Collected data ▸
::::::::::
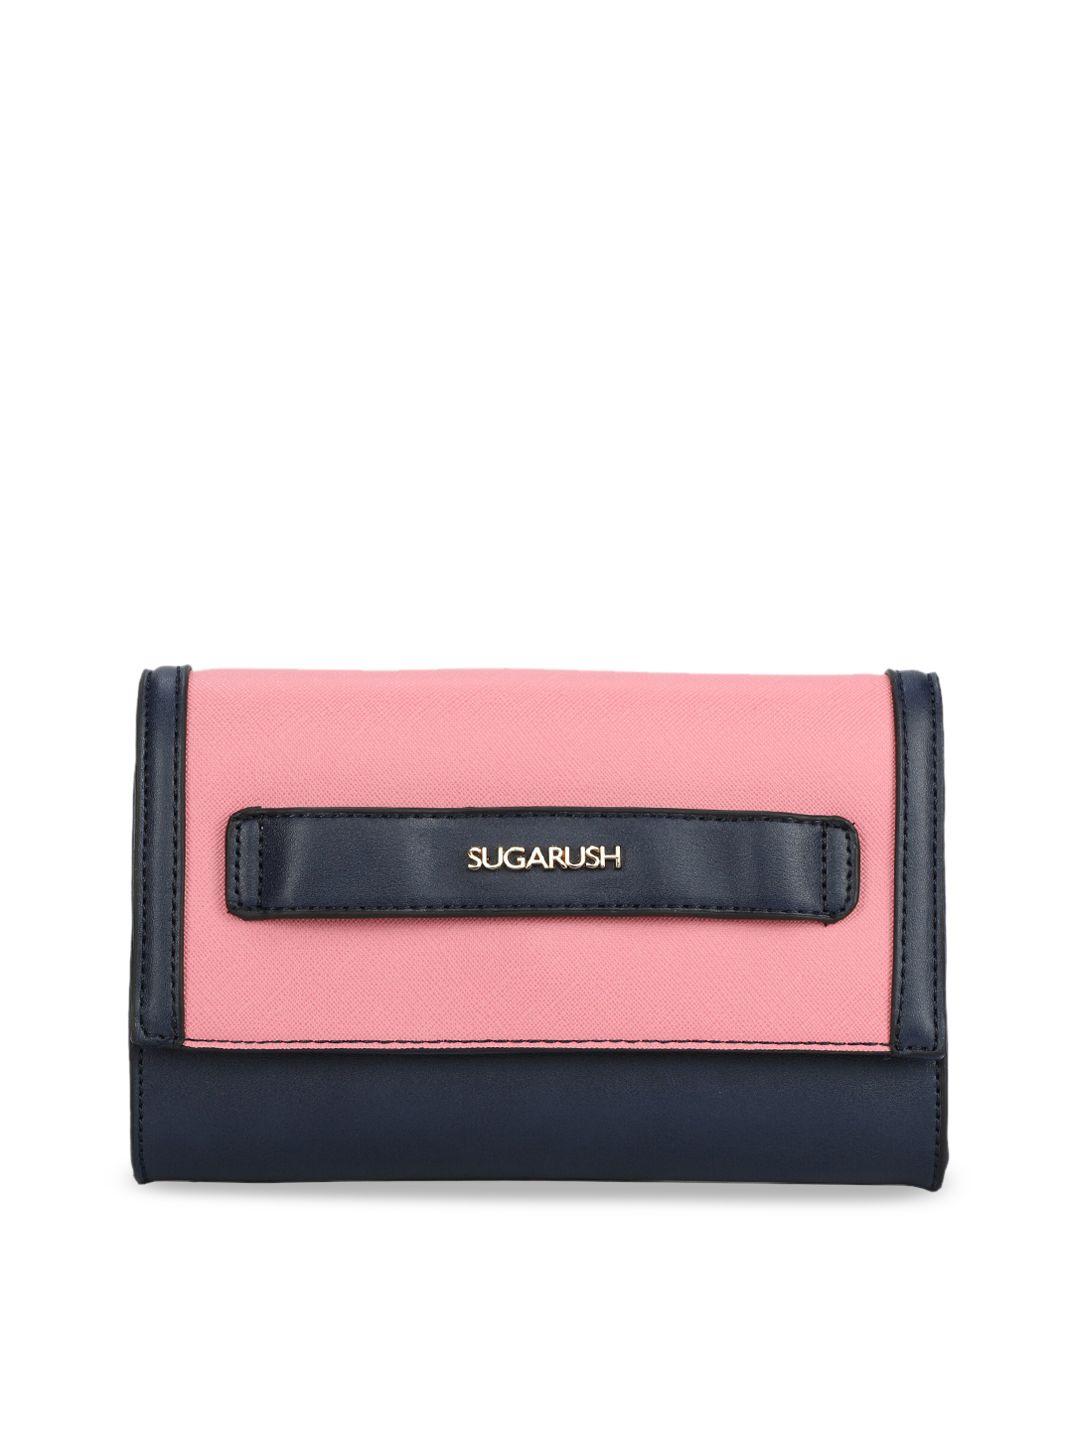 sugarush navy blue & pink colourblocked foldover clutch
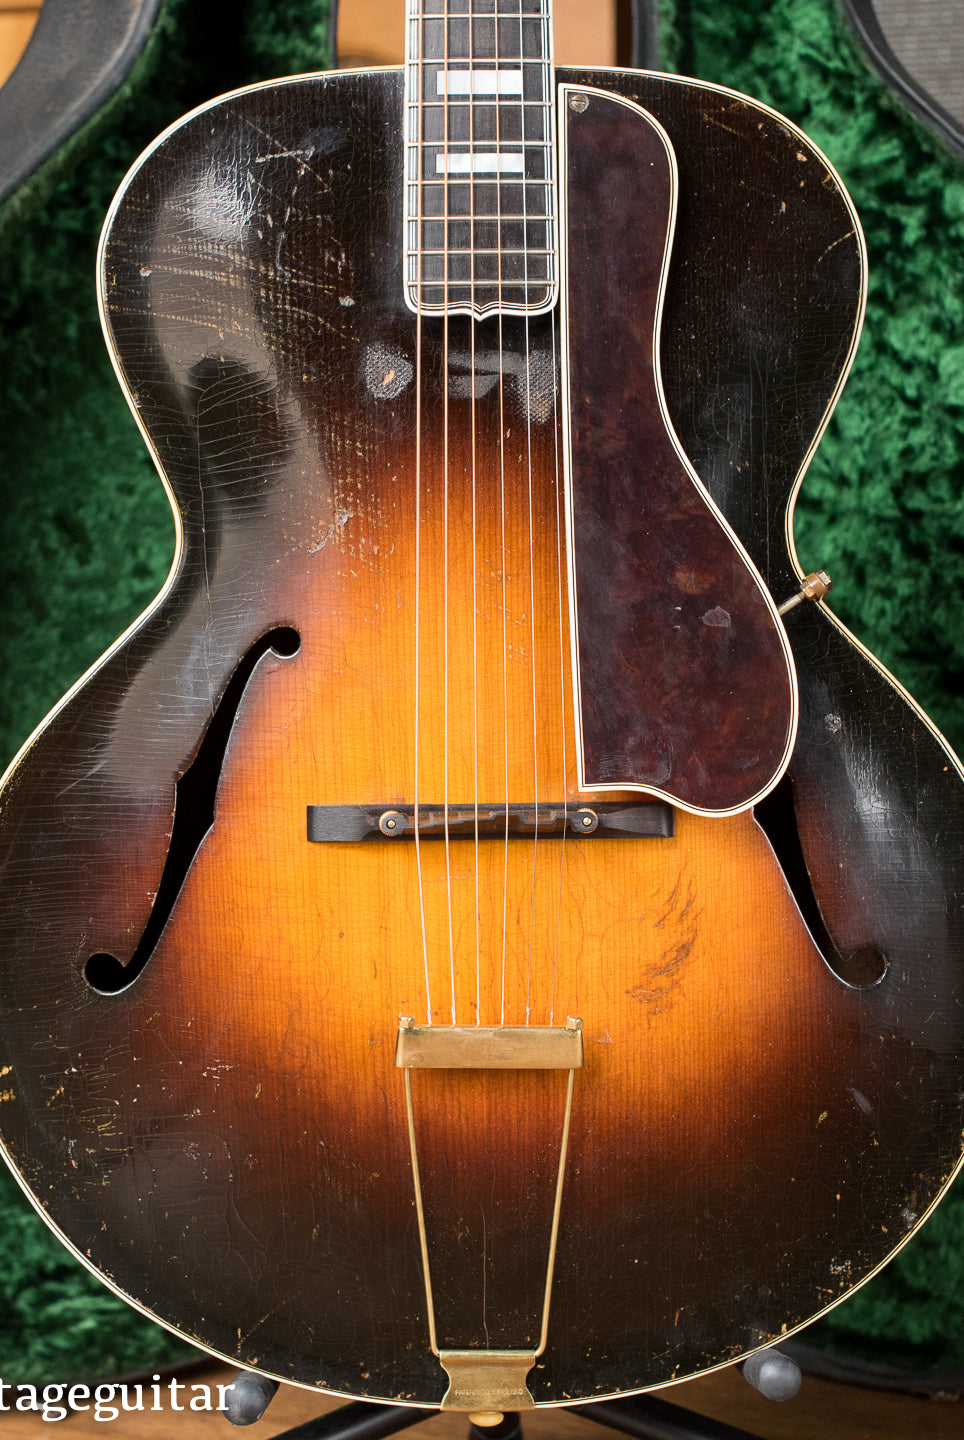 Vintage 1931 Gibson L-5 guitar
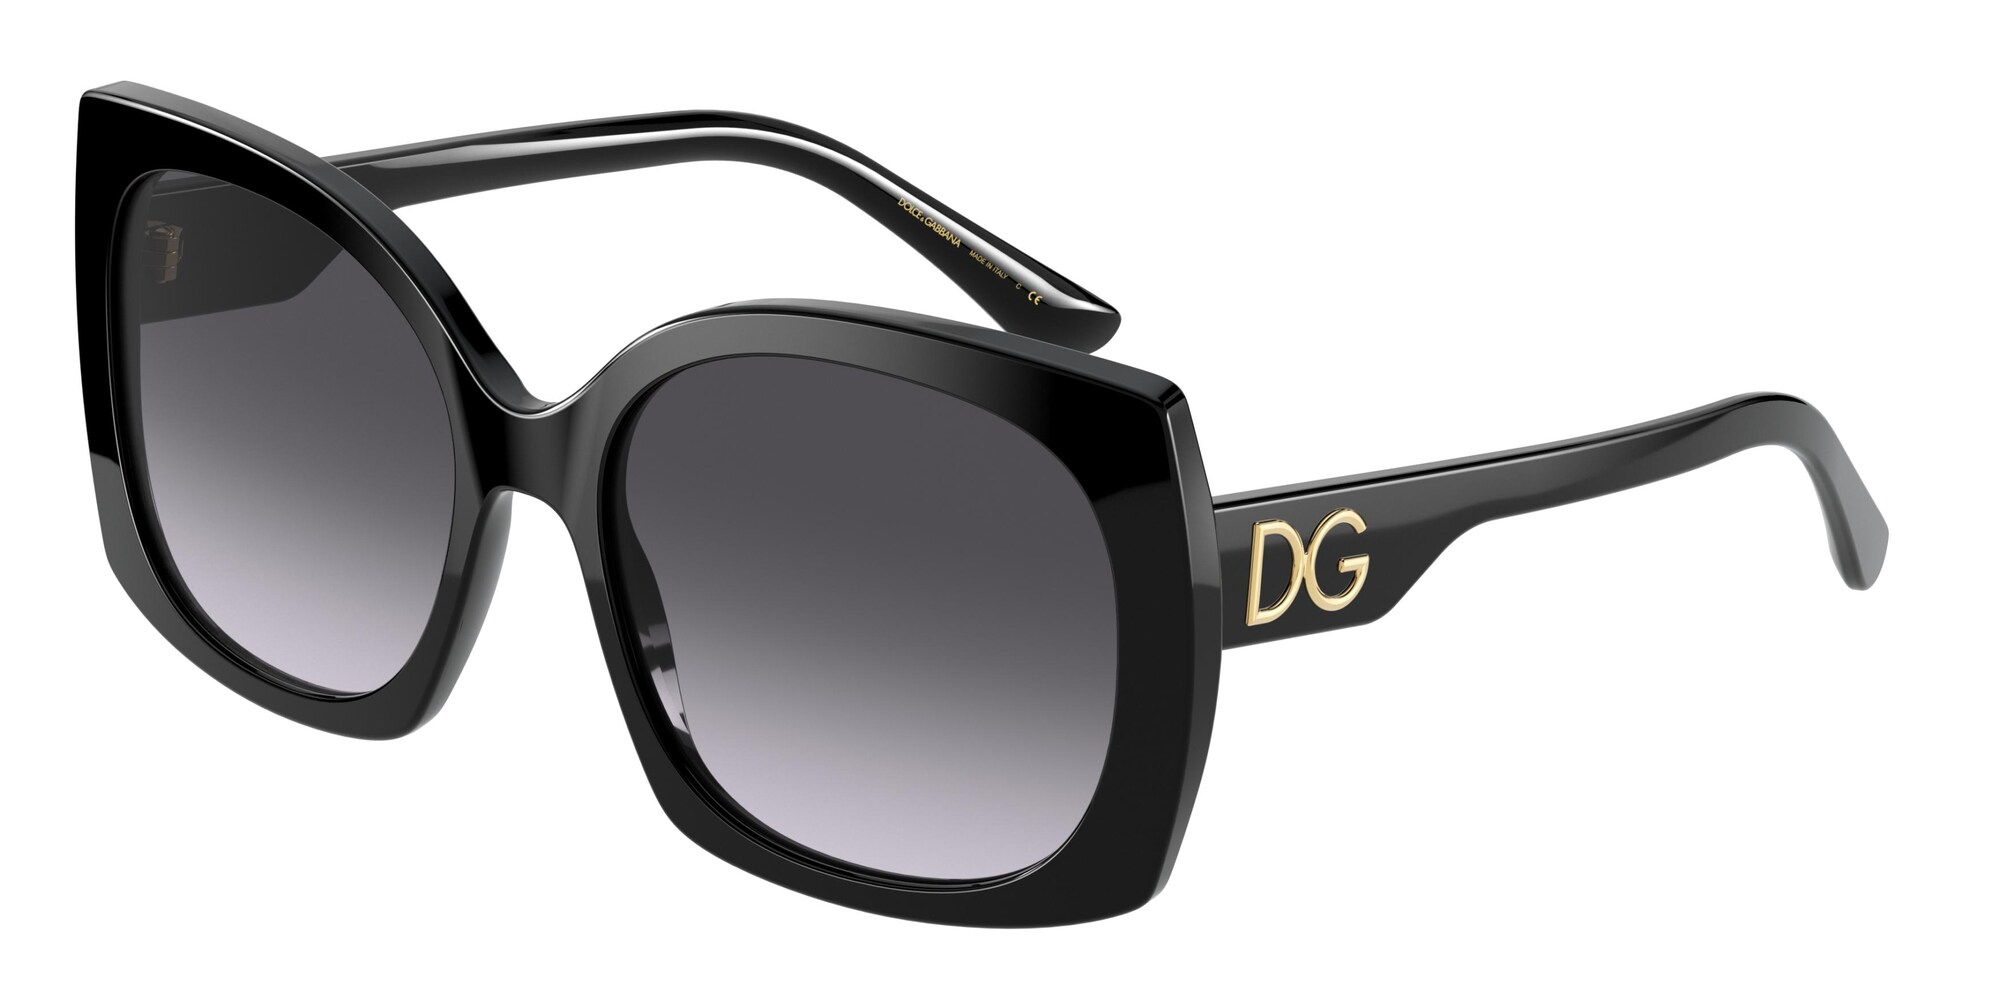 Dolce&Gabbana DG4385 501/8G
::::::::::
Return the whole listing exactly, minus its pictures.

 sugarush navy blue & pink colourblocked foldover clutch
 Vintage 1931 Gibson L-5 guitar
 Dolce&Gabbana DG4385 501/8G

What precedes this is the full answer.